I never thought I’d be a Particular – a person particular about foods. Particulars are called many other things: health crusaders, fad dieters, a ‘bleeding heart’, greenies, ‘a gosh damn nuisance’. Particulars cut out food groups or many for health or ethical reasons. With the rise of obesity and conflicting amount of nutritional information available I don’t blame Particulars with their trollies full of gluten-free/sugar-free/raw/low carb/high protein/completely vegan products. Health is important but we all know you can’t trust a person who won’t eat cake. Of course, that was before I became a Particular myself.
It started with a book, Sweet Poison by David Gillespie and among other things a realisation that I’m addicted to sugar. It’s compared to crack for a reason, although without the back alley dealings and conveniently sold in every store. If I didn’t get my two hourly sugar hit I would start to feel like a car running out of fuel, edgy and irritable before locating a muesli bar and finding the strength, courage and reason to go on.
I don’t want to go all preachy and science-y on you because I’m trying to avoid being one of those Particulars trying to convert others as there’s a fair bit of that going on. Sometime in the not too distant future raw food advocates or vegans will probably stand on the corner of Flinders Street with a portable microphone spouting out theories for the betterment of human kind.
You could say the sugar-free propaganda got me in. But mostly it’s that I don’t want to be addicted to unnecessary foods, especially something so high on the food pyramid. So, I haven’t had sugar in over a week. It may sound easy to you but I am an ice-cream lover, chocolate admirer and a yes-please-I’ll-have-a-second-piece-of-cake kind of person. And yes, the photo above is the second Cadbury factory I’ve visited. In the past I’ve also written to Cadbury asking them if they could employ me as a chocolate sampler. Alright, alright that was less than six months ago..

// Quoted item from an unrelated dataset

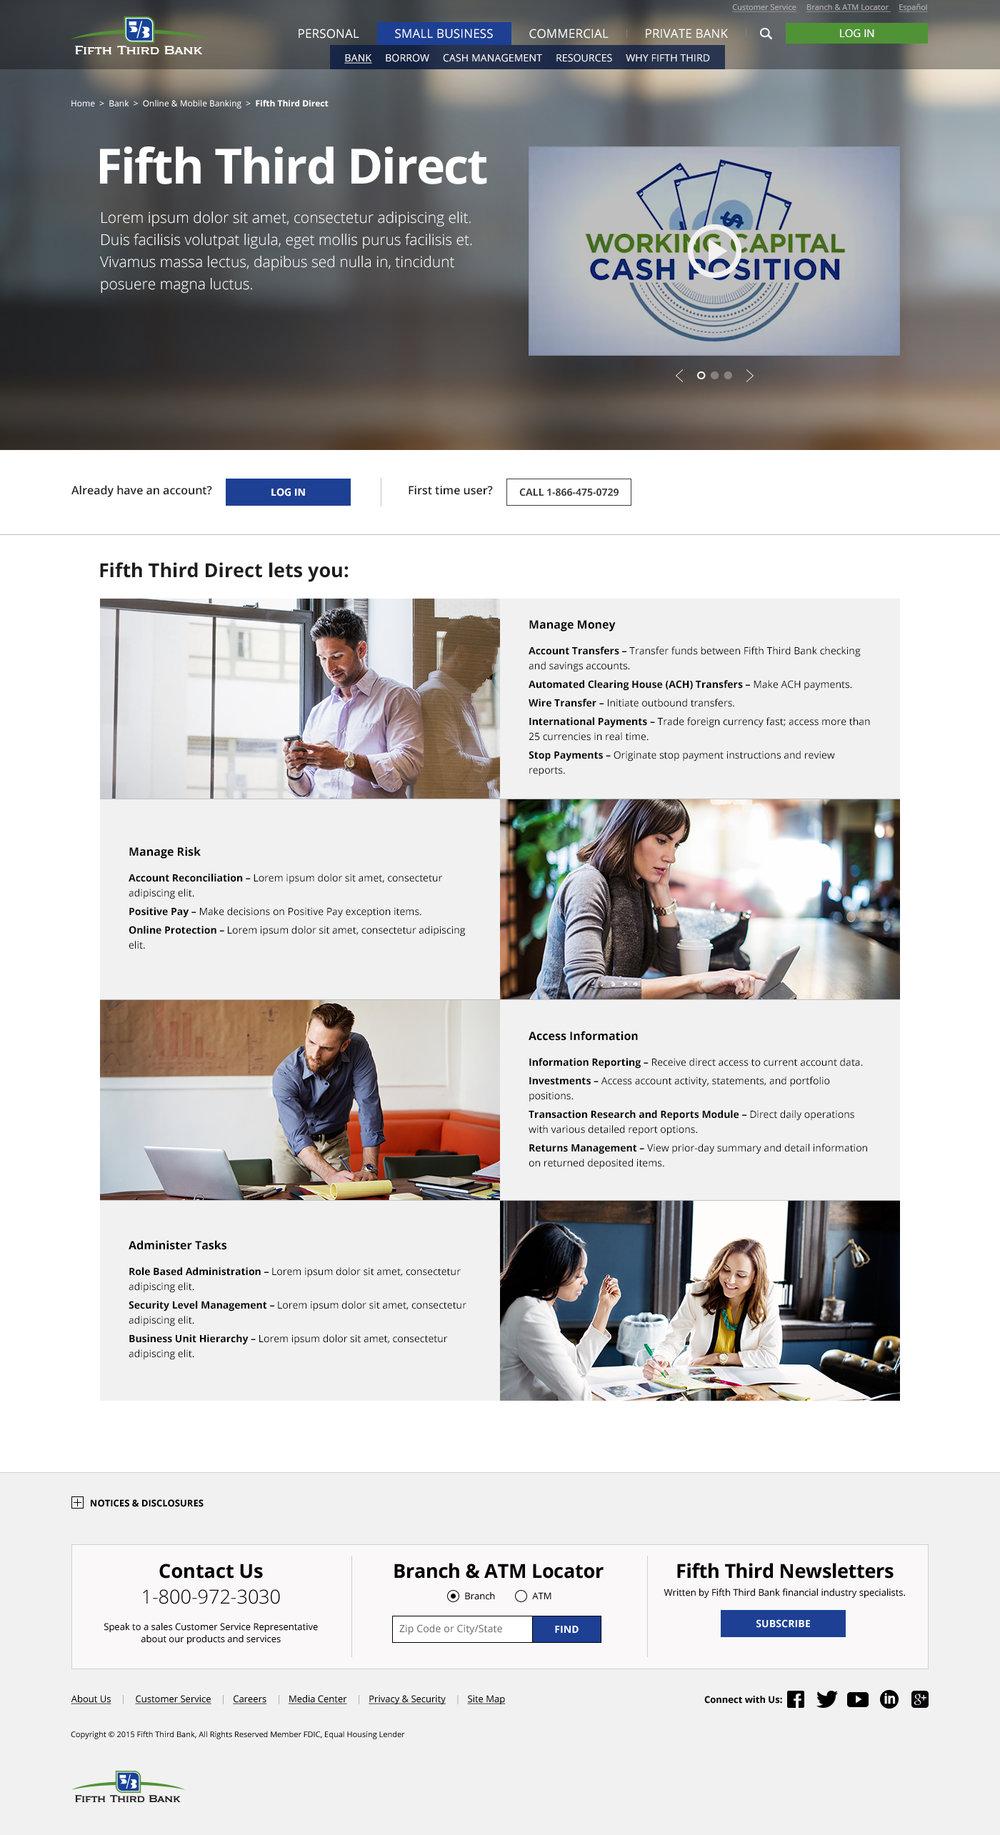 53_Set2_Desktop_3E_Business_Bank_OnlineAndMobile_FifthThirdDirect.jpg
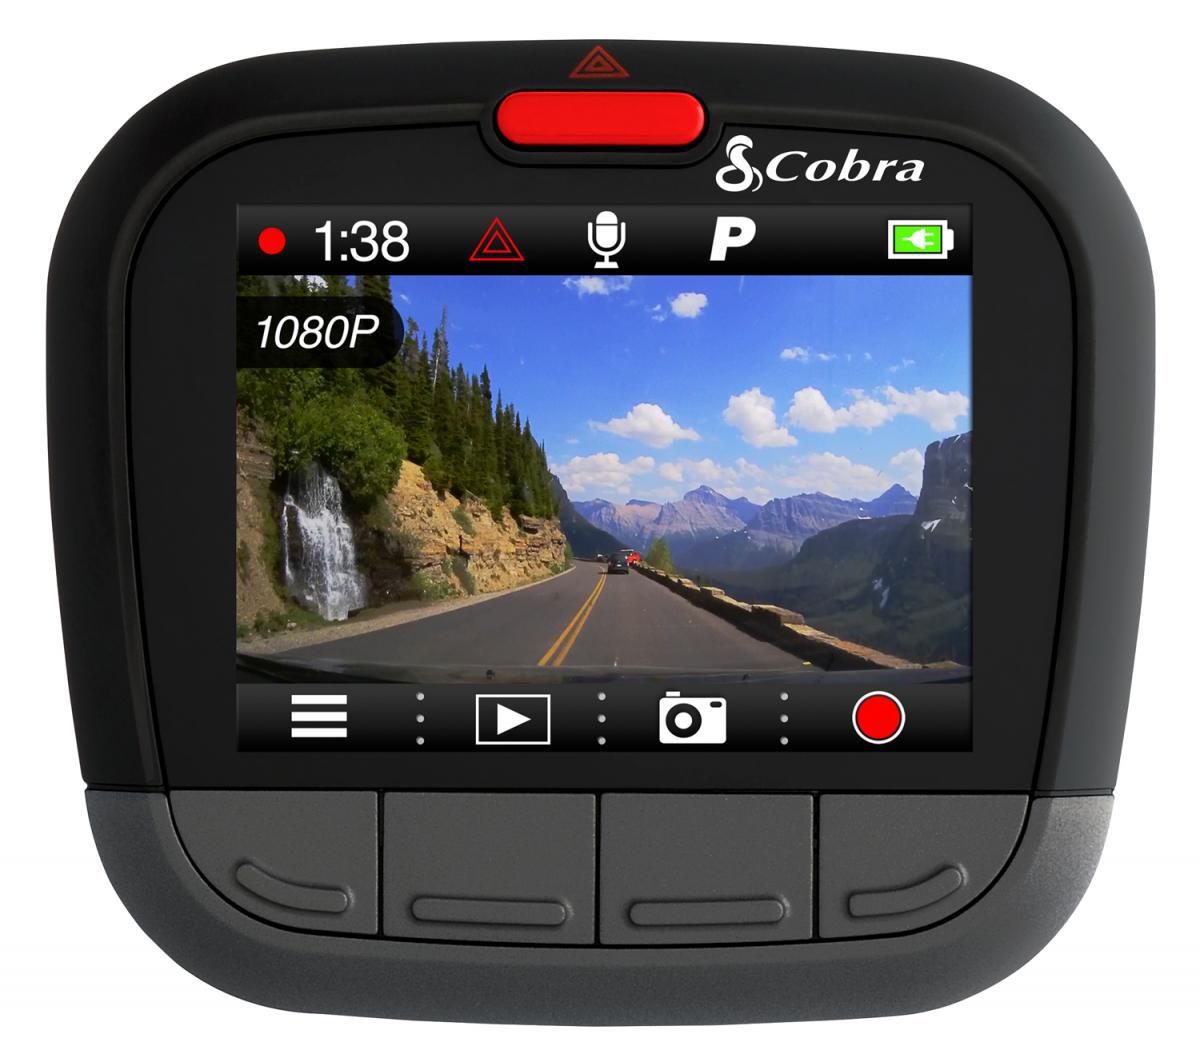 Cobra dashcam with built-in GPS debuts at MATS

Maybe it was Cadbury’s impersonal rejection letter that has led me down the sugar-free path. Led me to give up cold turkey. Coming off sugar was weird. I had headaches for the first few days and felt really shaky. I was no Ozzy Osborne but it did give me some sympathy for other addicts trying to break their habits. The most surprising thing was foods that I thought were fine but are full of sugar. I have had to say goodbye to sweet yogurt, pre-made marinades, sauces and milo. Oh milo, why must you be so bad for me?
Being a Particular isn’t so bad when you’re eating at home but when you go out and socialise you became that person. The person who needs to constantly explain their strange eating habits: ‘why are you giving up sugar?’ The person who has to decline politely when a packet of Malteasers are passed around. The freak. But the worst thing of all is being the person who has to ask the waitress about the ingredients in the food. The nuisance.
I never thought I’d be a Particular and who knows maybe it won’t last. I may relapse. I may end up raiding a confectionary store in a moment of weakness. But it’s a week in and I’m feeling great for breaking the habit, I’ve got more energy and am not over-eating. I also made some pretty decent sugar-free banana muffins yesterday. But to be honest I could still really go some mud chocolate cake.